We must use this time to equip the infrastructure with its own infrastructure.
"Intelligent infrastructure" is not only about money, but also about mentality.
During the Covid pandemic, San Francisco International Airport (SFO) undertook a $7 billion renovation that included a 60% reduction in air traffic, two terminals, a new Grand Hyatt hotel, a new building, a administrative building and a new car park. Garage
Every inch of the new work has been digitized, from the depth of the foundation pillars to the security situation to the type of lock on each door. People who manage and maintain SFO can instantly click through 3D images of the airport with incredible levels of detail: what furniture is on each door, what color, what material, date of installation.
The version of the SFO that lives on airport computers – the geographic “digital twin” or “dynamic twin” – is updated in real time, including the flow of people through the terminals. How long does it take for the sidewalk to reach the door? Passengers can see immediately. When it's time to replace the HVAC filters in the hallway, the repairman can take a digital photo of the ductwork, how many filters the room needs, what type is needed for each area, if the correct filters are in stock , even if a specific l area needs a scale.
The benefits of digitizing infrastructure are numerous.
The Colorado DOT has started using digital infrastructure to protect state highways from collapsing. In Connecticut, engineers are using digital imagery and high-resolution sensors to replace an 1896 railroad bridge that spans four lanes over the Norwalk River. This allows the new bridge to be partially constructed safely while the old bridge is in service.

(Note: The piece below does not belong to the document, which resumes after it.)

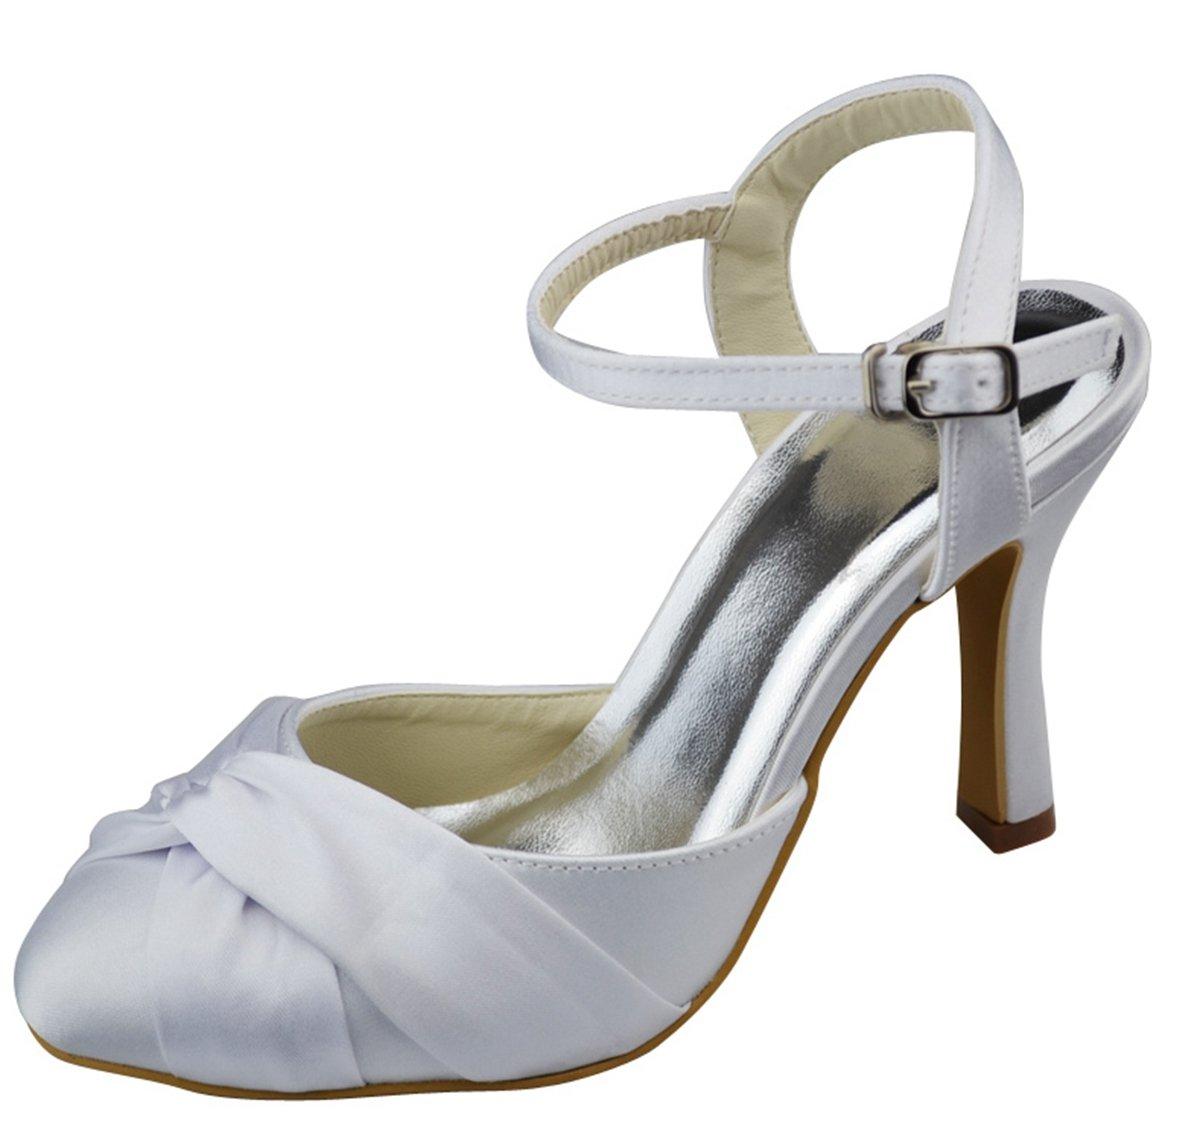 Minitoo , Bride , B07FY3ZSWV de cheville femme Beige - Beige ivoire 228b63b - shopssong.space

The ability to make our infrastructure “smarter” brings together the connected technologies of the past decade: affordable sensors and cameras; Cheap and always available wireless connections; Advanced plotting and mapping programs; And geographic information system software to put all that very fragmented data on a website or mobile app and update it in real time.
It is an efficient system, our infrastructure is an intelligent nervous system. It not only changes what we know, but also how we make decisions. We know exactly what needs to be done, when and where it needs to be done.
Let's look at only part of the infrastructure account.
45,000 bridges in the United States need serious repairs and rehabilitations.
Biden's infrastructure bill calls for $40 billion in bridge work, a huge sum, less than $1 million per bridge in distress. Of course, that $40 billion is only enough to fix maybe 10% of the bridges, or even less.
This highlights the need to be smart in choosing to fix bridges and how we fix them. What we're really doing is creating a new generation of bridges and all of our infrastructure that's easy to maintain and inexpensive to maintain.
The pandemic has exposed a huge gap in America's infrastructure: the digital divide. Millions of American families, especially in rural and tribal areas, do not have access to high-speed Internet. Biden's infrastructure effort includes $65 billion to expand broadband access, more money than for airports, water systems or bridges. The first step to spending money efficiently, using broadband to get it to the most unexpected places, is knowing who doesn't currently have it . And when deciding where to lay new fiber optic cables, we can ask those maps important questions for justice.
A century ago, a group of determined leaders laid the foundation for America's drinking water system. The National Electricity Grid was created eighty years ago. The road network sixty years ago. Every hour of every day, America's economy, health, safety, and standard of living continue to depend on all that infrastructure: modern technology.
Today, we have the opportunity not only to repair our old highways and bridges, our damaged waterways and our aging airports, but also to modernize them for the new century. Creating for the next 50 and 100 years the architects, engineers and builders who created America in the 1920s and 1950s.